European regulators are also considering policy options on the future of Chinese EV manufacturers’ investments into European car markets.
China at Davos
Chinese Vice Premier He Lifeng gave a special address at the World Economic Forum in Davos, Switzerland, in which he encouraged multilateralism and pitched China as an alternative economic partner to the United States.

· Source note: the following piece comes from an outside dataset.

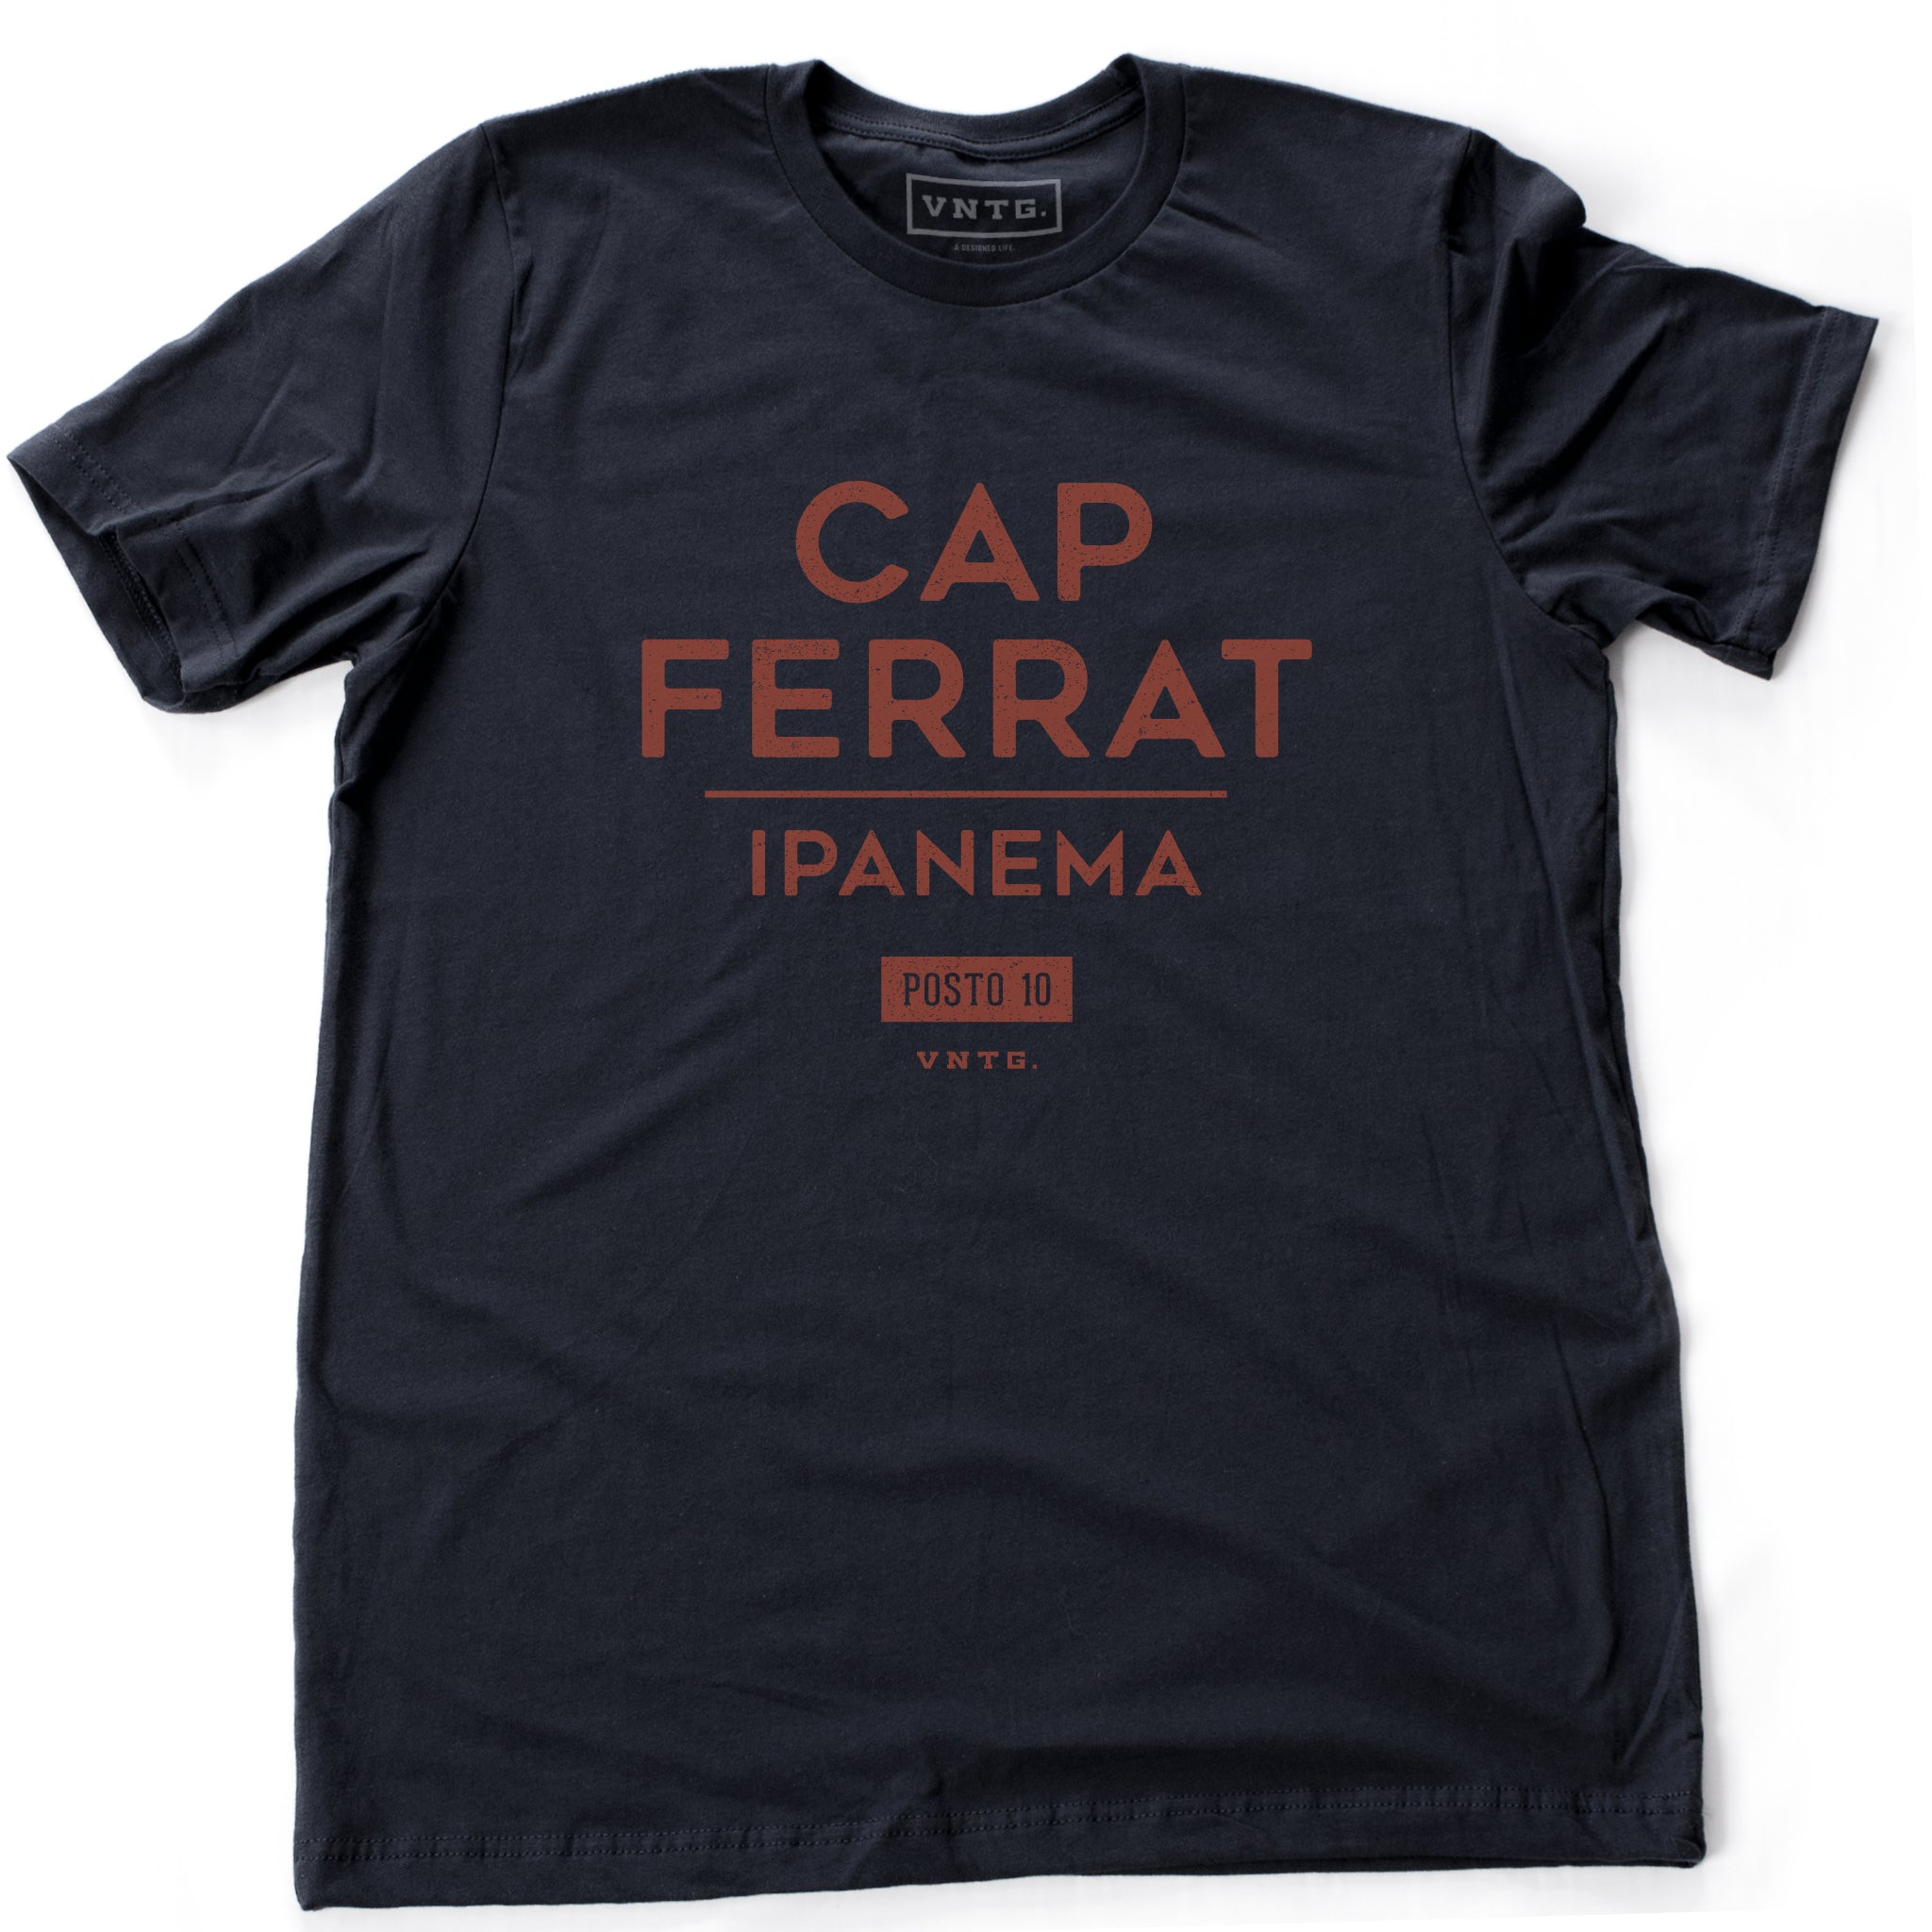 A classic navy blue fashion t-shirt featuring a stylish retro, vintage-inspired graphic typography with the words Cap Ferrat, Ipanema, a popular beach spot in Rio de Janeiro, Brazil.

Though he did not invoke European countries or Europe by name, many of the continent’s leaders echoed He’s speech and China’s pitch for deeper cooperation. French President Emmanuel Macron declared that “China is welcome, but what we need is more Chinese foreign direct investments in Europe, in some key sectors, to contribute to our growth, to transfer some technologies.”
Transnational Repression Report
The European Parliament commissioned a report on transnational repression after the Internation Consortium of Investigative Journalists investigated China’s campaign to silence overseas dissidents. The report proposes several policy recommendations for the European Union to combat cross-border coercion, including improved coordination, increased data collection, and strengthened communication between member states’ law enforcement agencies. It also calls for legal changes to expand and strengthen data protection in EU laws, including through the existing Digital Services Act, as well as countering visa bans and expelling diplomats, among other measures. Among the most aggressive proposals are ways to swiftly mobilize sanctions to punish efforts at transnational repression.
The study comes after Chinese officials attempted to pressure European countries to deny entry to Taiwanese politicians. In January, several Chinese officials reached out to their European counterparts to articulate “red lines” regarding how European leaders can engage with their Taiwanese counterparts.